‘Tetsuo: The Iron Man’: The body horror movie that made the entire crew quit

Body horror is an acquired taste.

I mean, all horror is an acquired taste, but the kind of horror where the main thrill comes from seeing the human body do disgusting things is a whole different ball game. A good slasher movie can essentially be an Alfred Hitchcock thriller, built on nail-biting tension and suspense. A good ghost story can draw on the centuries’ worth of stories that have been told in the medium and become almost any kind of story. Both of them can be appreciated by nearly any kind of open-minded audience.

Not so with body horror. A work like The Substance or The Fly, hell, pretty much anything by Cronenberg Jr or Sr, is not for any kind of audience, however open-minded they might be. Because you are fundamentally asking an audience to buy into watching the most disgusting things imaginable happen to human bodies, and that’s just not something that most people will buy into. It’s something for only the realest of horror sickos.

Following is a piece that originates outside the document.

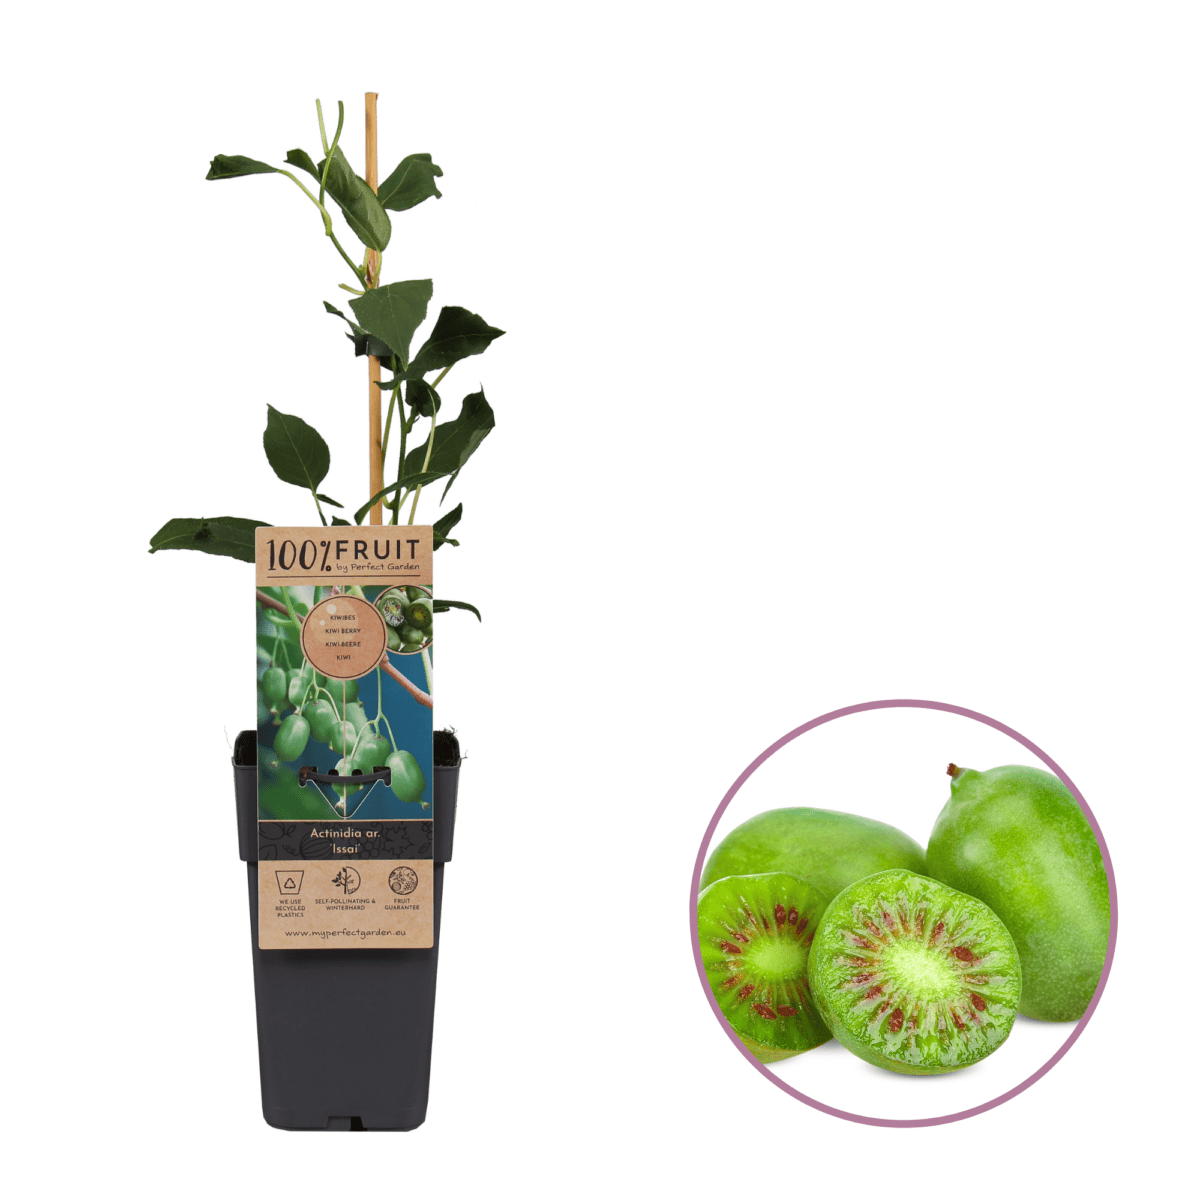 Kiwiplant Actinidia Issai Boskoopse fruitbomen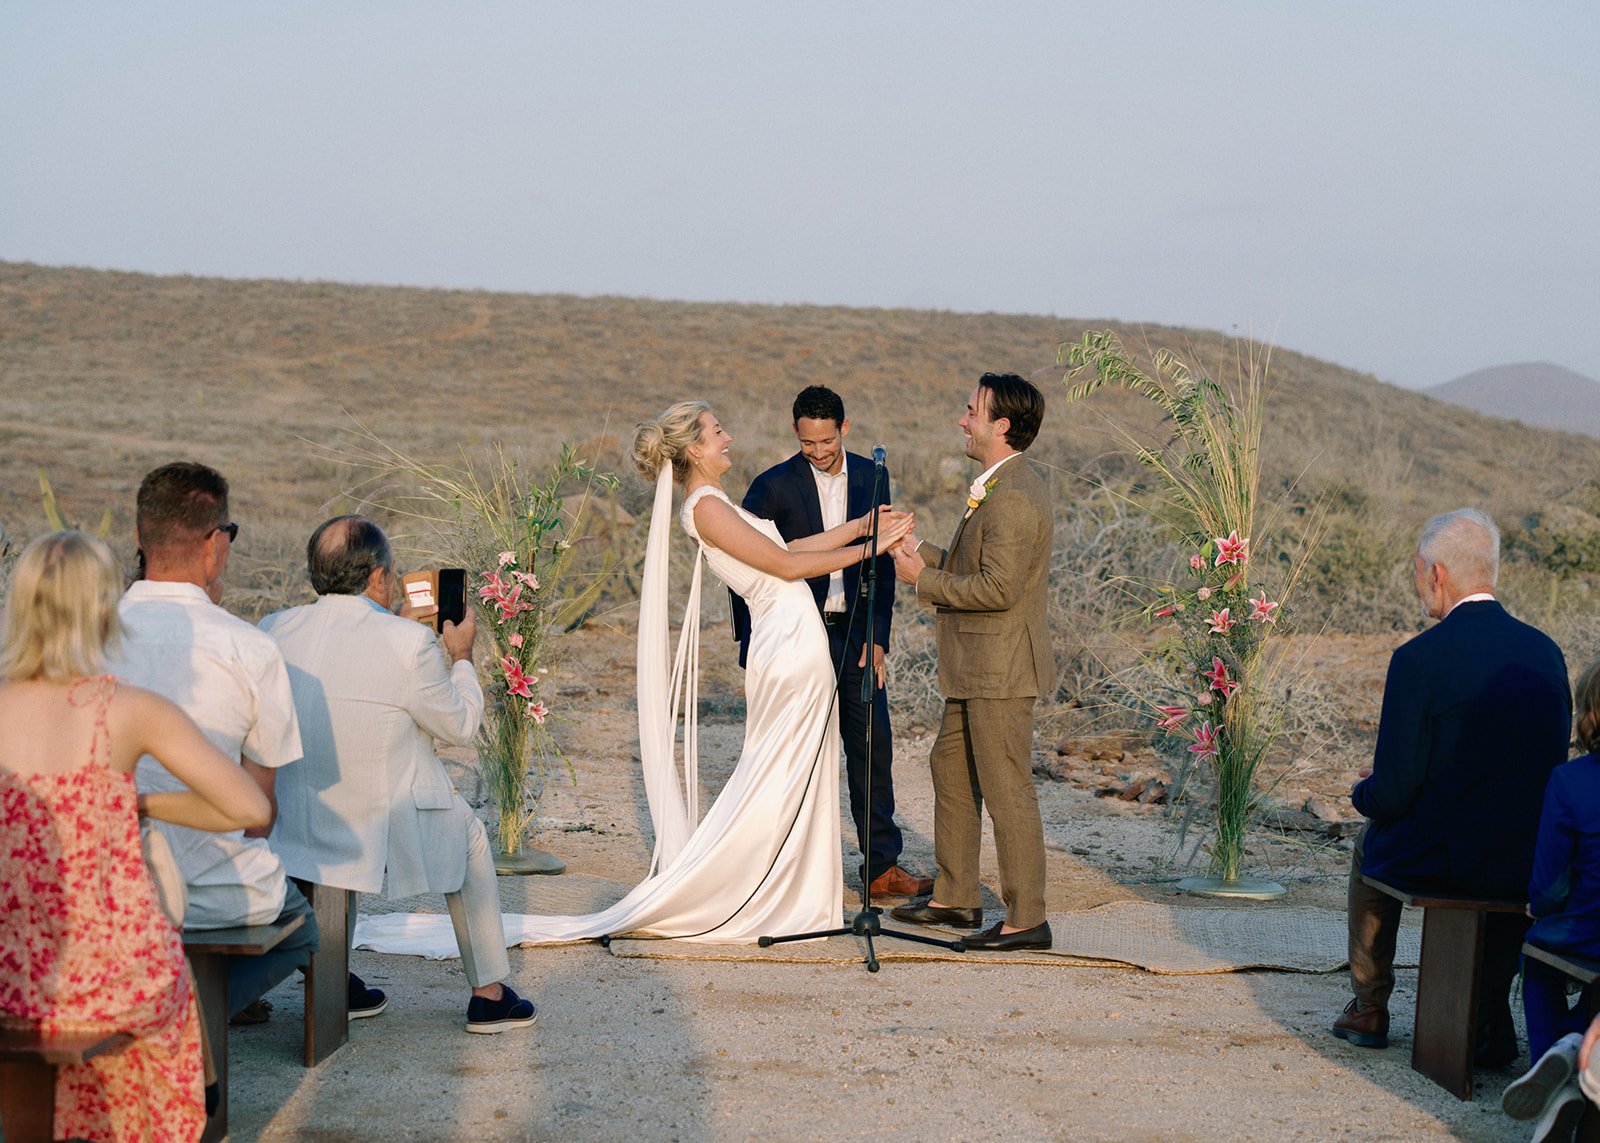 Best-Todos-Santos-Wedding-Photographer-Baja-El Mirador-La Bohemia-35mm-Film-Austin-Mexico-134.jpg

If you want proof of this, look no further than Shinya Tsukamoto’s grisly masterpiece Tetsuo, The Iron Man. Don’t let the title fool you, there are no Marvel superhero antics softening this one for you, this is a bleak, psychosexual, utterly horrific bit of J-horror that essentially works as a cyberpunk version of Kafka’s Metamorphosis. An unnamed Japanese salaryman wakes up to find pieces of metal sprouting from his body and is haunted by disturbingly murderous sexual fantasies involving them.

Forget about the audience finding this grotesque; this was a picture that the whole damn crew had to tap out from.

The body horror movie that made the entire crew quit -
Credit: Kaijyu Theatre

Why did the crew quit this film?

In fairness to Tsukamoto and the crew behind Tetsuo, it wasn’t necessarily the visions in the film that made the crew quit en masse. I’m sure they didn’t help. Even though the film is closing in on 40 years old, the viscerally horrible things the film depicts still shock even today. If you can get through the first dream sequence of the film without pausing the film for a break, then you’re made of sterner stuff than I. However, the reason the crew quit came from a much more relatable source.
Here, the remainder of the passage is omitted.